Catherine Martin: The culturally curious are travelers here as well, those interested in Irish literature from Yates to Joyce and our music. The screen tourism element is something that we’ve been marketing as well. ‘’The Banshees of Inisherin’’ recently received eight Golden Globe nominations. We’re also hopeful for the Oscars, with Irish actress An Caílin Ciúin in ‘’The Quiet Girl.’’ The National Famine Museum in Strokestown Park, Roscommon is absolutely breathtaking and would be of immense interest to anyone who feels that connection with Ireland. Our recent budget had an investment of €230 million in tourism and an additional €15 million for overseas marketing. Tourism Ireland advertises the do a great job promoting, from The Green Button campaign to bringing 15 outdoor journalists to Ireland, including from the Outdoor Writers Association of America, to get them to feel and experience the visitor attractions. They’re also cooperating with airlines and travel media platforms.

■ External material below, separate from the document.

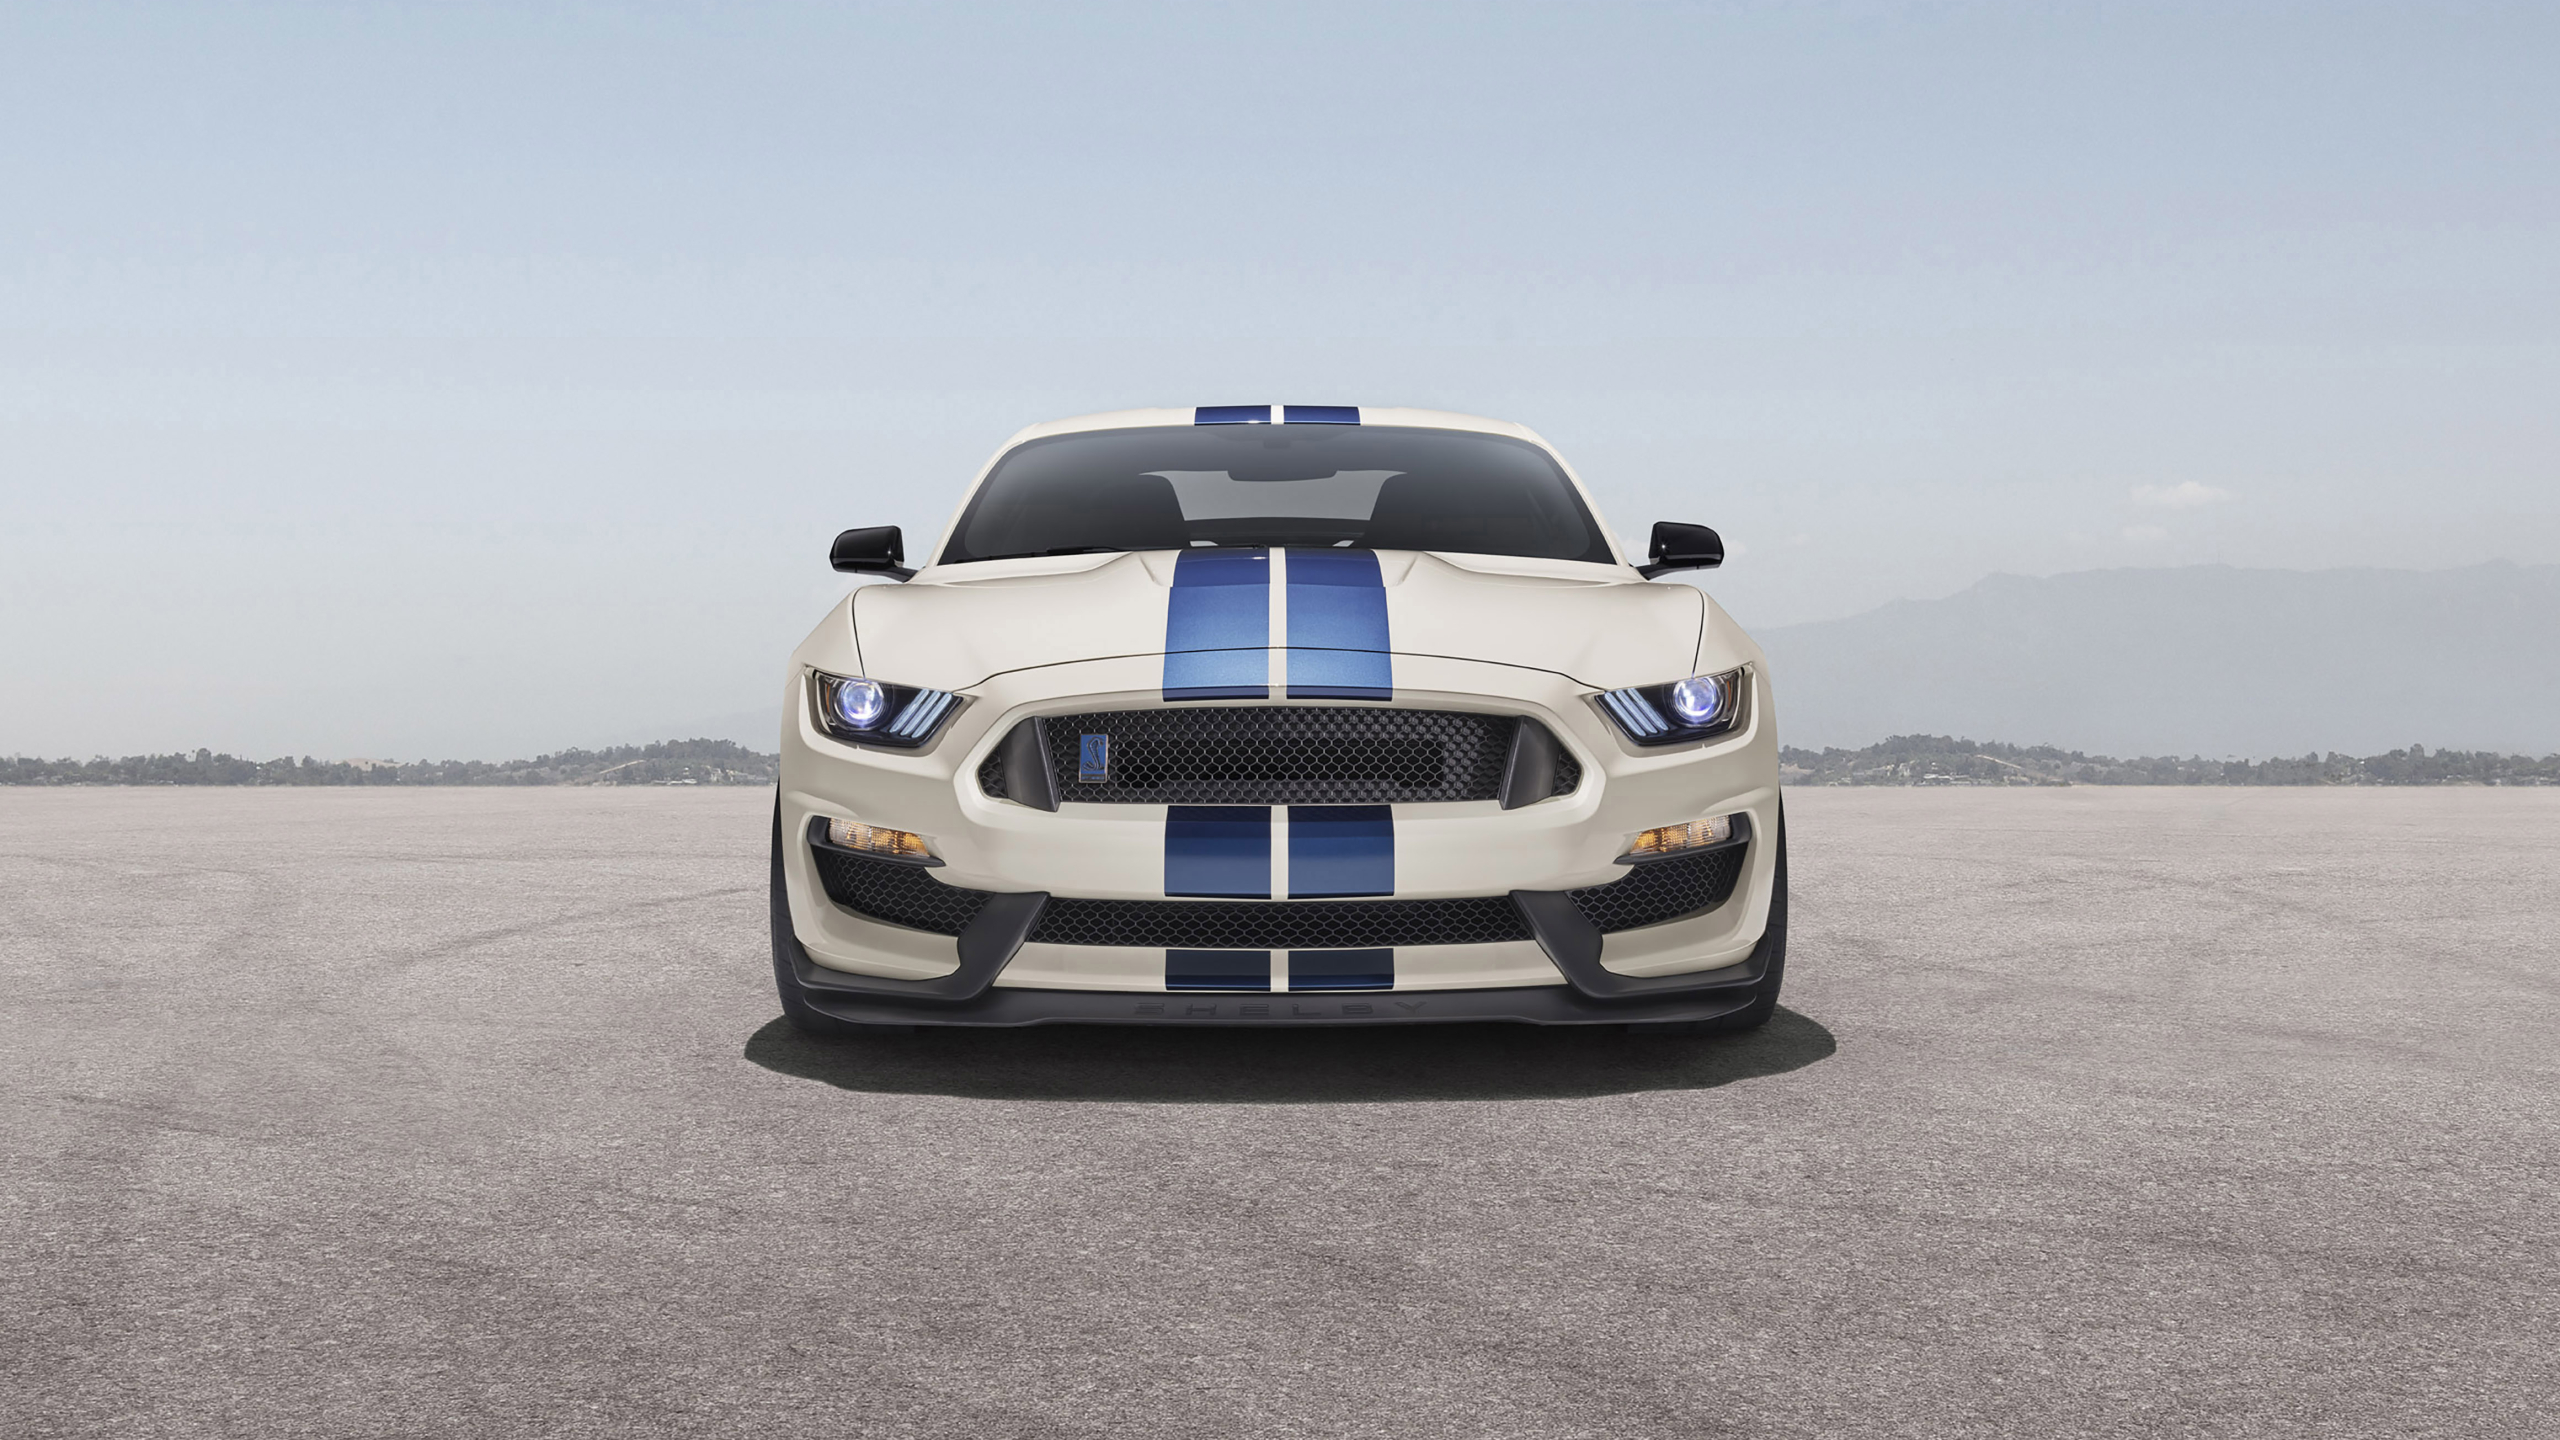 2560x1440 Ford Mustang Shelby Gt350 1440p Resolution Wallpaper Hd Cars 4k Wallpapers Images Photos And Background Wallpapers Den

They’re always digitally active with ads on TripAdvisor, Google, the USA Today network, Facebook and Instagram. We’re constantly investing in our skills retention and domestic marketing. There are also other allocations that included over €36 million in capital funding for tourism product development. Enhancing the visitor experience is in line with our national development plan.
BF: What’s your final message for the American readers?
Catherine Martin: We love to extend a warm welcome. What we love about US travelers is they come and want to spend quality time with us in Ireland. They know how to enjoy, explore and experience our culture. They’ll tap into those sporting attractions that are happening now. Our main experiences are unforgettable, from the Wild Atlantic Way and the hidden heartlands to Ireland’s ancient East, Dublin and Giant’s Causeway in Northern Ireland, to the Game of Thrones studio tour in Banbridge. We’re delighted that the connectivity has increased, and we look forward to extending our welcome to our visitors.